Def split_dataset(X, node_indices, feature):

For exercise 2 this week, do X and node_indices necessarily need to be of the same length? I keep getting a ‘List index out of range’ error when I try to assign the node indices to the left and right nodes.

No, node_indices does not have to have the same length as X, but the elements in node_indices must be smaller than len(node_indices) since those elements are used to index elements of X, e.g. X[a_node_index].

Raymond

Why would you need the whole design matrix, X, when splitting on nodes that don’t contain all the training examples?

Aside from that, I keep getting a ‘list index out of range’ error which I think is coming from the test case that passes 3 as an argument for feature when X has as its columns 0,1,2. (line 68 of public_tests.py)

There is always trade-off in decision that we make.
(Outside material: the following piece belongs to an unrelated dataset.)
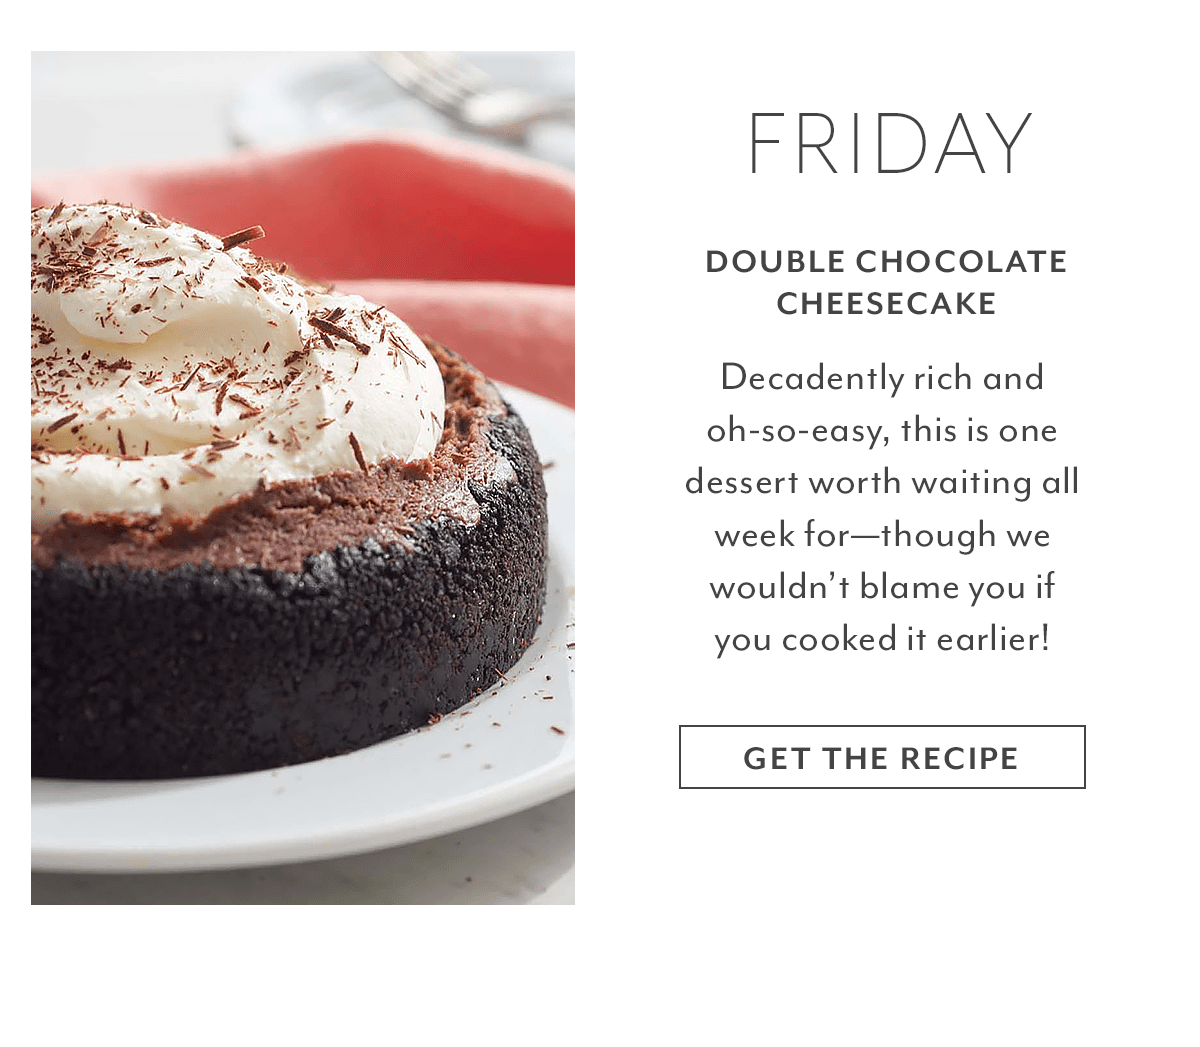 Recipe - Double Chocolate Cheesecake
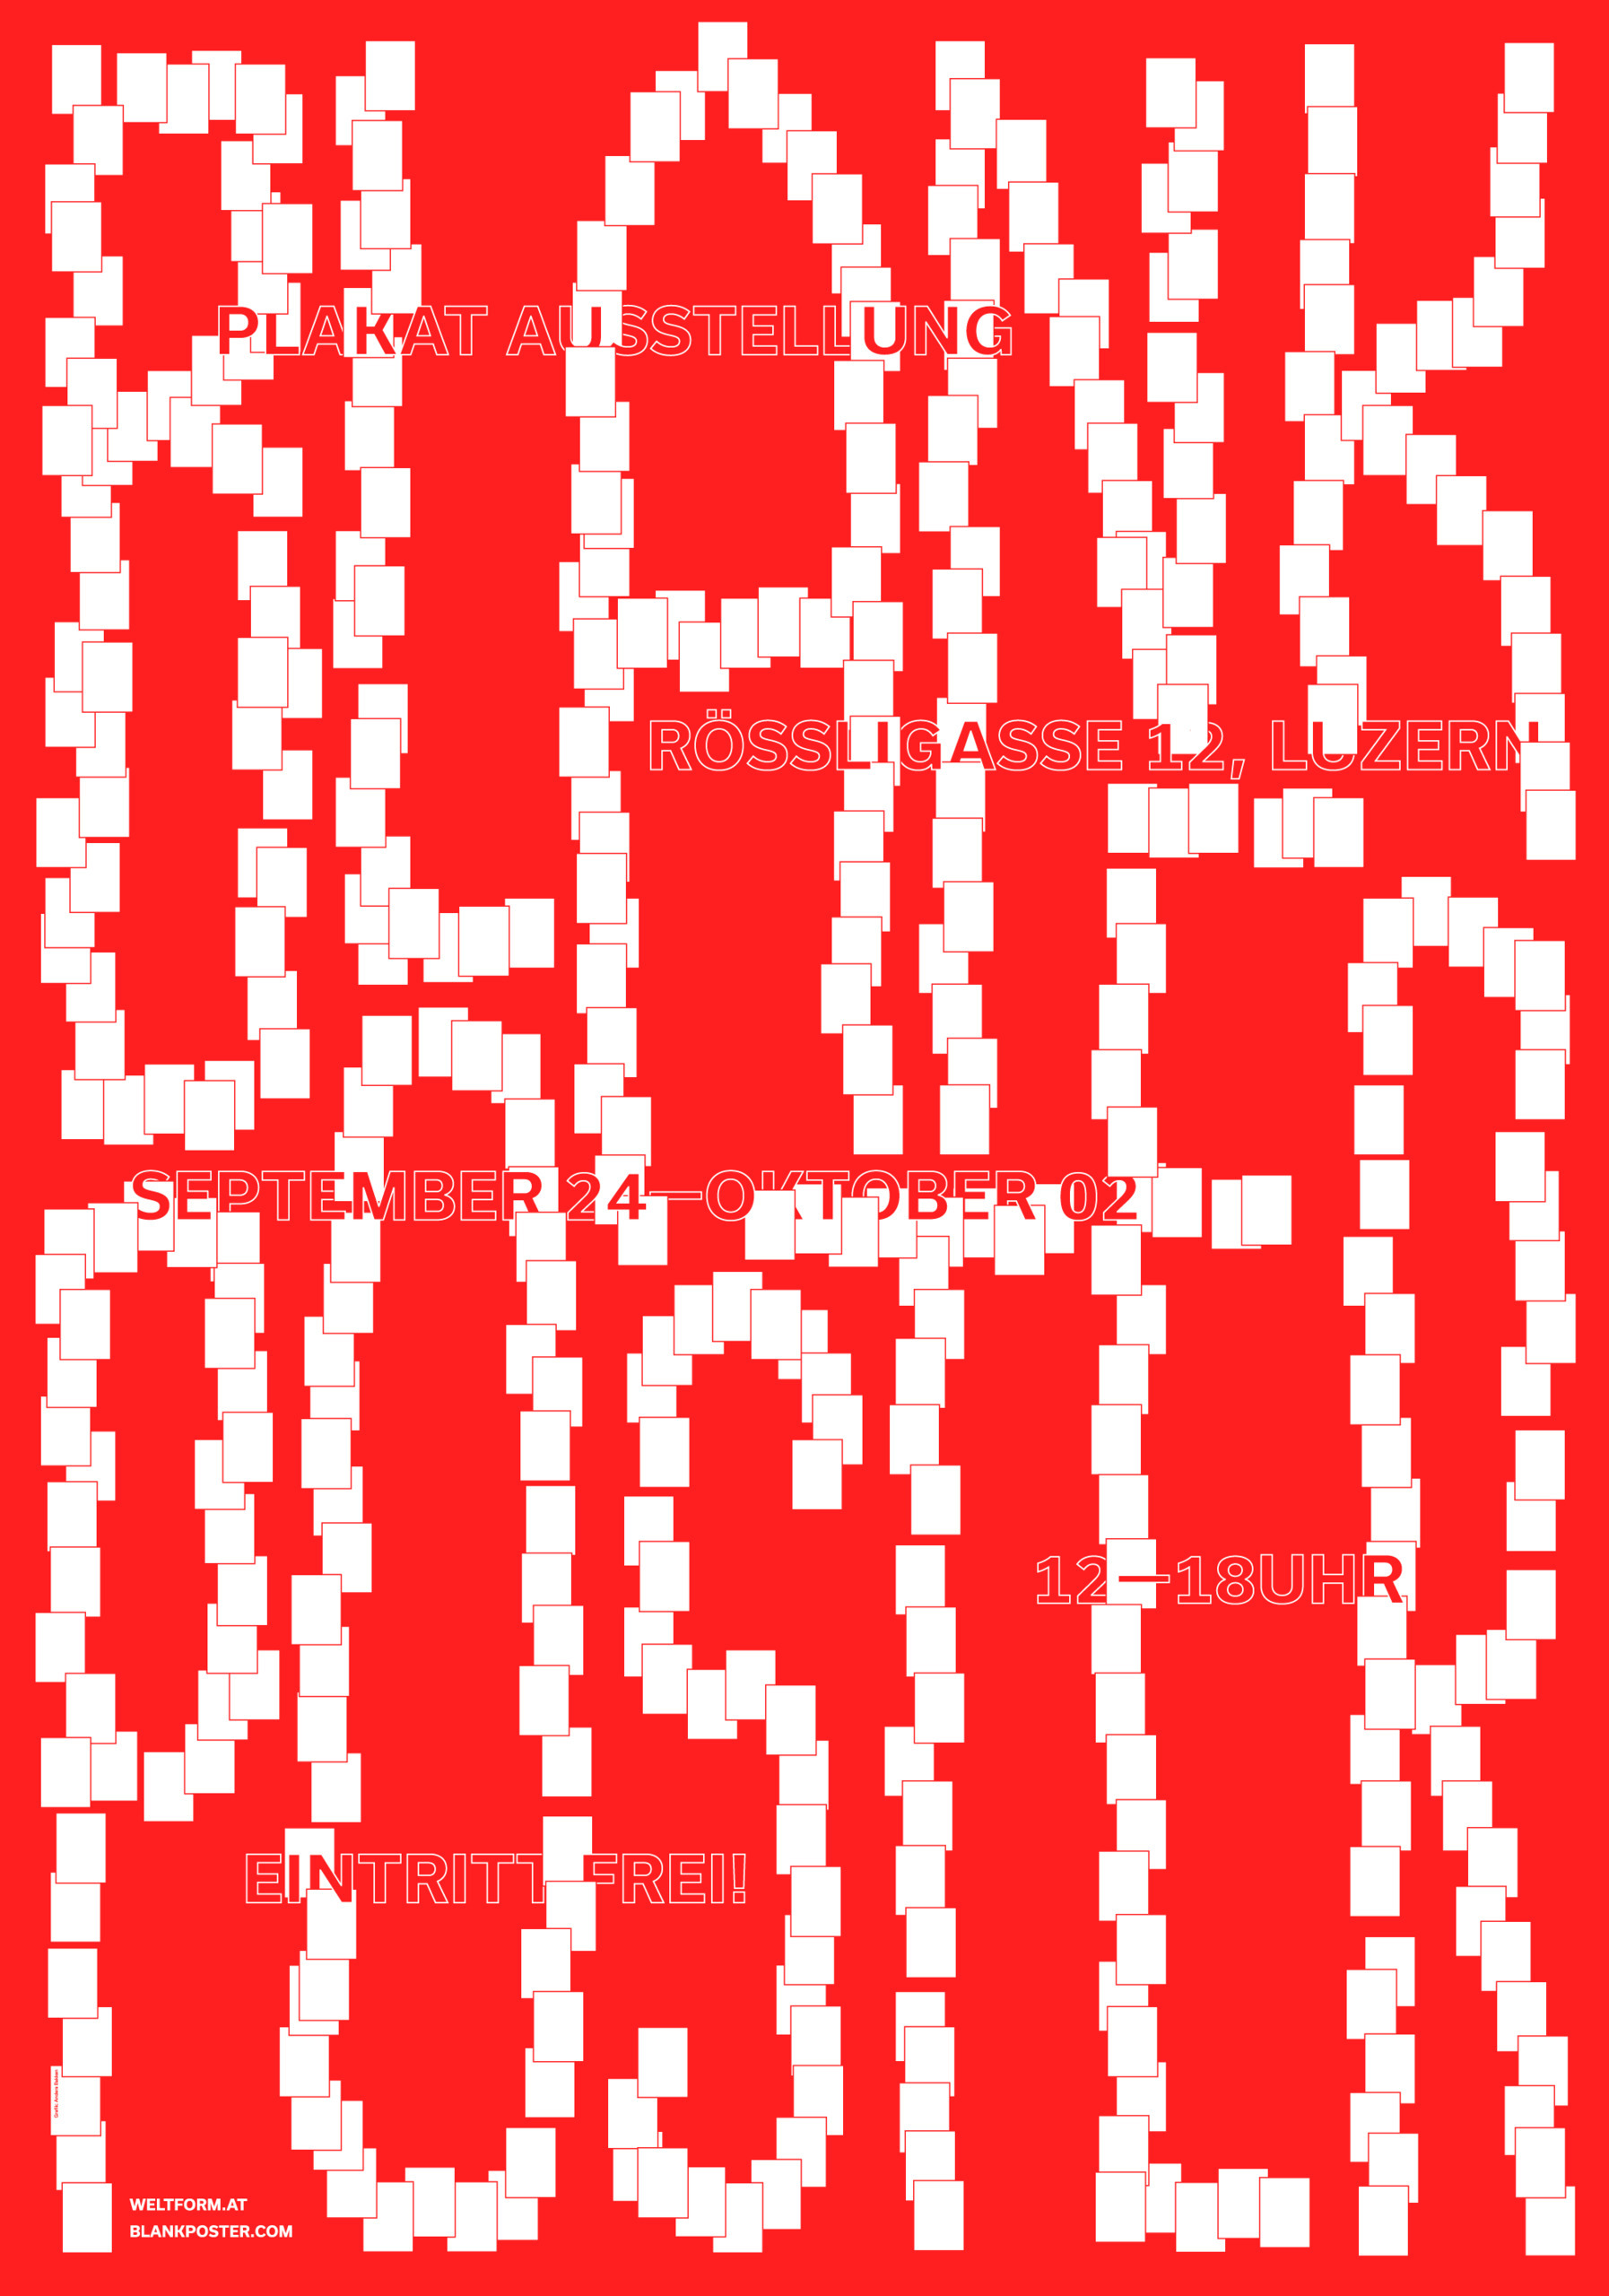 Promotional poster Blank Poster - andersbakken | ello

The decision to include the whole X both makes sure the integrity of data and avoid creating many copies. In other words, we always only need the minimum amount of memory to store it throughout. It is not that we can throw some part of the X away when it is not needed in one place because it may be needed in another place. Indexing is a very common practice.

We need the whole error traceback, but I suggest you to try to figure it out yourself. If it said “index out of range”, then it explained the trouble and where the trouble is. All the test cases have been verified to be passable if the code is implemented as instructed.

Raymond

Thanks for your replies Raymond. They have been helpful.

You are welcome, @David_Stulman!